Though not the first stay on his all-star tour working for America's elite aviation firms, Al Mooney worked with his business partner Knight K. Culver to found the Dart Aircraft Company, which was renamed the Culver Aircraft Company in 1939. Culver's first product, the Dart, was itself a remanufacturing of the Lambert Aircraft Corporation's Monosport G light monoplane. Over time, the Culver Dart's basic design was improved and upgraded into an all-new aircraft called the PQ-8 Cadet.

Culver PQ\-14
Photo: NASA Langley Research Center
With the now unmistakable teardrop-shaped airframe and low-slung, mono-wing layout native to Mooney's designs, the PQ-8 was regarded as a phenomenal aircraft to fly. With a peppy 80-hp Franklin 4AC air-cooled, flat-four under the hood, the original Cadet was like a Mazda Miata with wings. Its handling characteristics were so favorable that even the U.S. Navy and Army Air Corps came knocking at Culver's door, asking if they could build an upgraded version for military service. At the end of this deceptively long Mooney family tree were the results of the U.S. Military's request, the PQ-14.

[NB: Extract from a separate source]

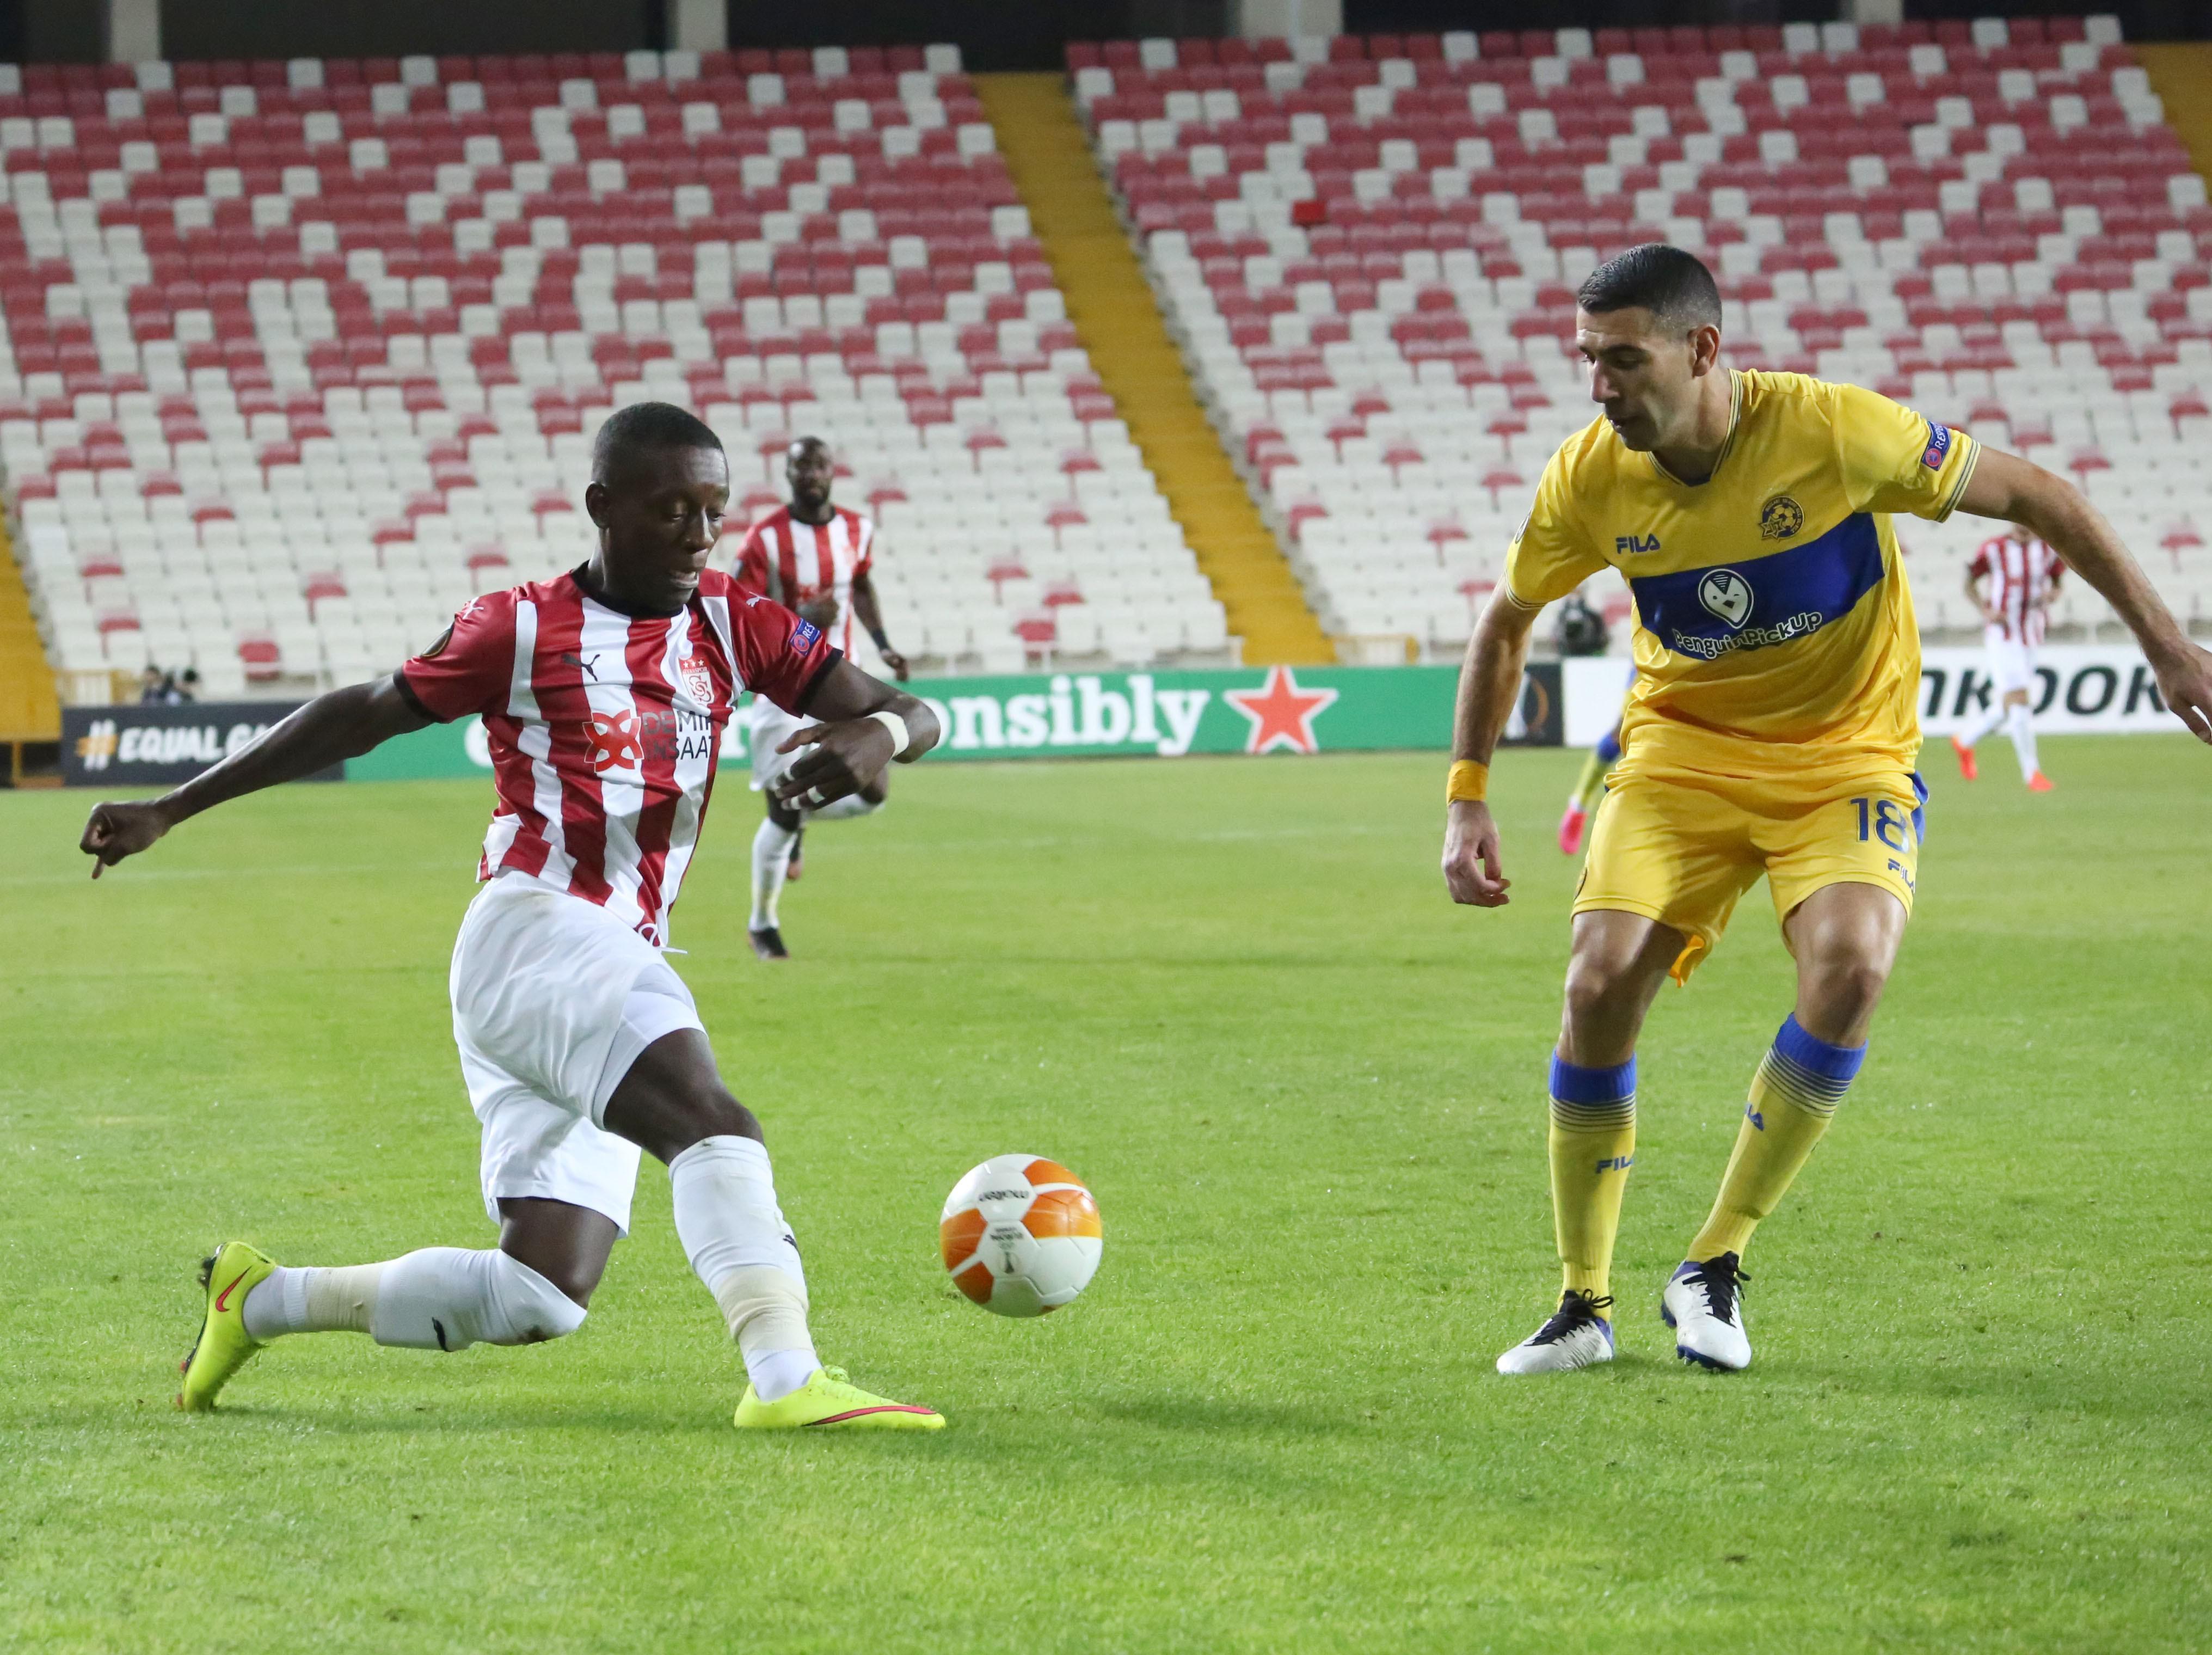 (ÖZET) Sivasspor - Maccabi Tel-Aviv maç sonucu: 1-2

With the same lovely shape as the civilian PQ-8 but with a larger 19-foot, six-inch (5.94 m) long airframe and a bigger six-cylinder Franklin engine, the PQ-14 was perfect for the USAAC's groundbreaking experiments with radio-controlled target drones. The first PQ-14 was a converted PQ-8, which first flew in 1942, sporting an all-new retractable landing gear instead of the PQ-8's fixed gear system. By filling the cockpit with mechanically actuating, remotely operated controls, Army Air Corps trainees could get their first taste of gunning down enemy aircraft without the usual casualties such an act would entail.

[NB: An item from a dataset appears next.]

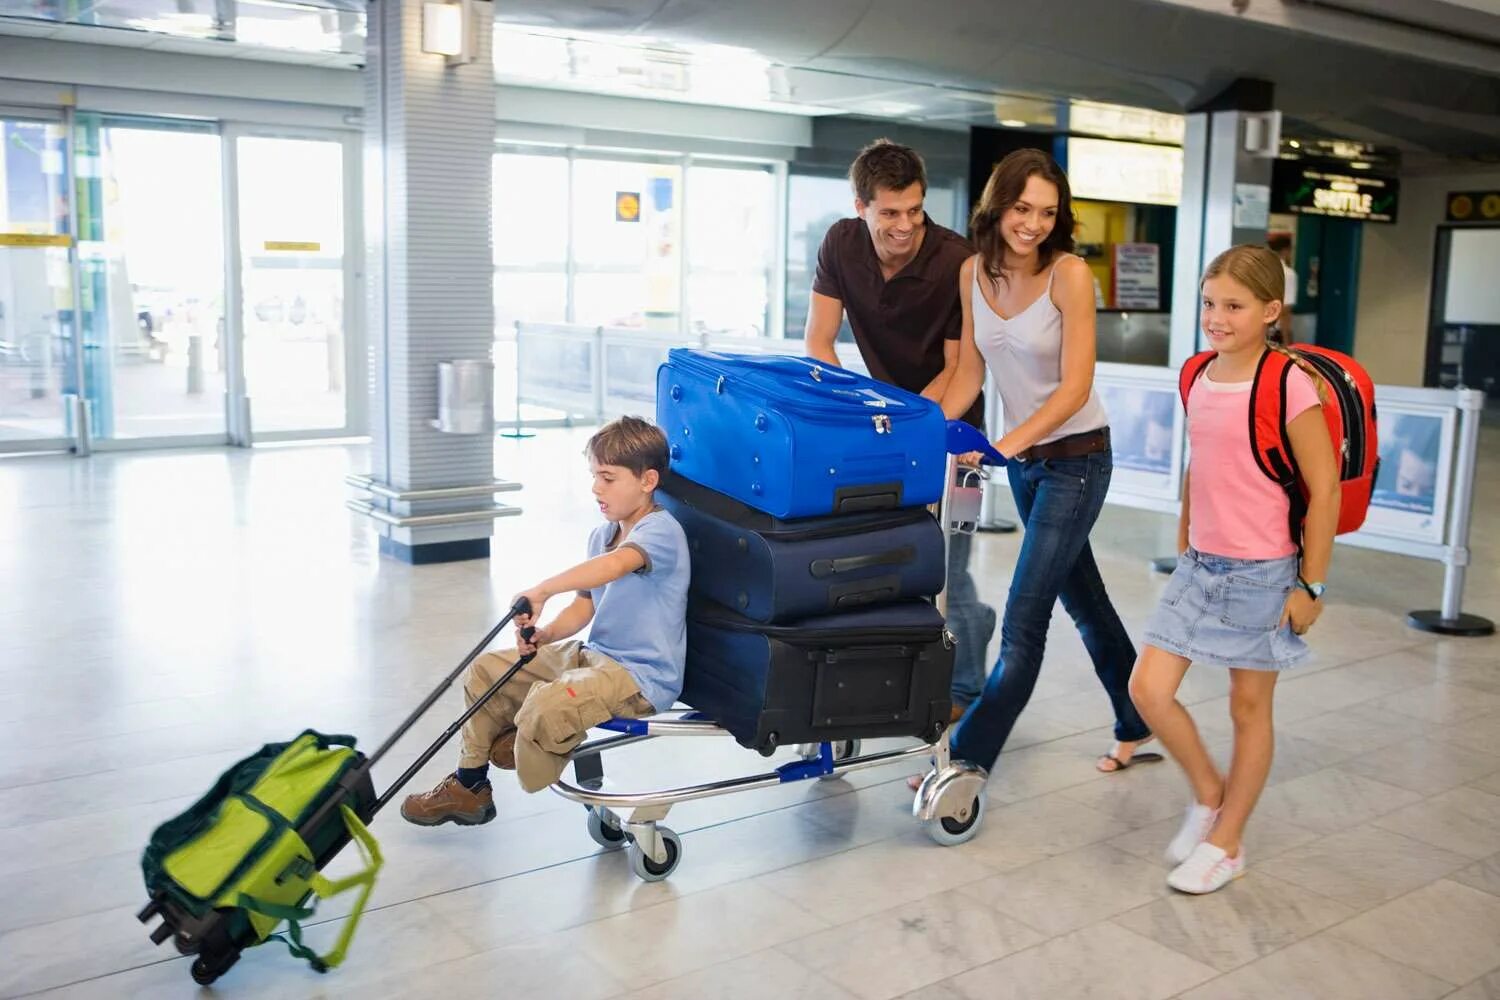 Переехать жить за границу. Чемодан в аэропорту. Семья с чемоданами в аэропорту. Тележка с чемоданами в аэропорту. Человек с чемоданом и ребенок.

While being controlled by a nearby mothership, typically a Beechcraft Model 18 variant of some sort, the vast majority of the PQ-14's 2000-plus example production run converted to flaming piles of scrap by Army Air Corps pilots and trainee Army anti-aircraft (AA) operators. How anyone would want to shoot down a plane as pretty as the Cadet, especially with its awesome red target drone paint, is beyond us. But when the prize is a spin in an Army Air Corps P-51 Mustang or a Navy F4U Corsair, one can only assume the ends justify the means. But seriously, that red paint is so nice, you could take off all the USAAC roundels and slap a Ferrari badge on a PQ-14, and we'd believe you if you said it was Old Man Enzo's daily flyer.

Though most Cadets were turned to paste during the war, a few managed to linger around even after the USAAC became the U.S. Air Force when they were put on surplus in 1950. When civilians got their hands on surplus PQ-14s, pilots rejoiced at its agile handling characteristics, attributed to its rather fighter-like, low-wing design and its relatively powerful six-cylinder engine.

Culver PQ\-14
Photo: Platinum Fighter Sales
Today, at least eight PQ-14 airframes remain on display or in storage in museums across the United States. With one airworthy example in the collections of the Planes of Fame Air Museum in Chino, California, and two more in the hands of private collectors in Colorado Springs, Colorado, and Big Bear, California, respectively. You don't need us to tell you how lucky those two are.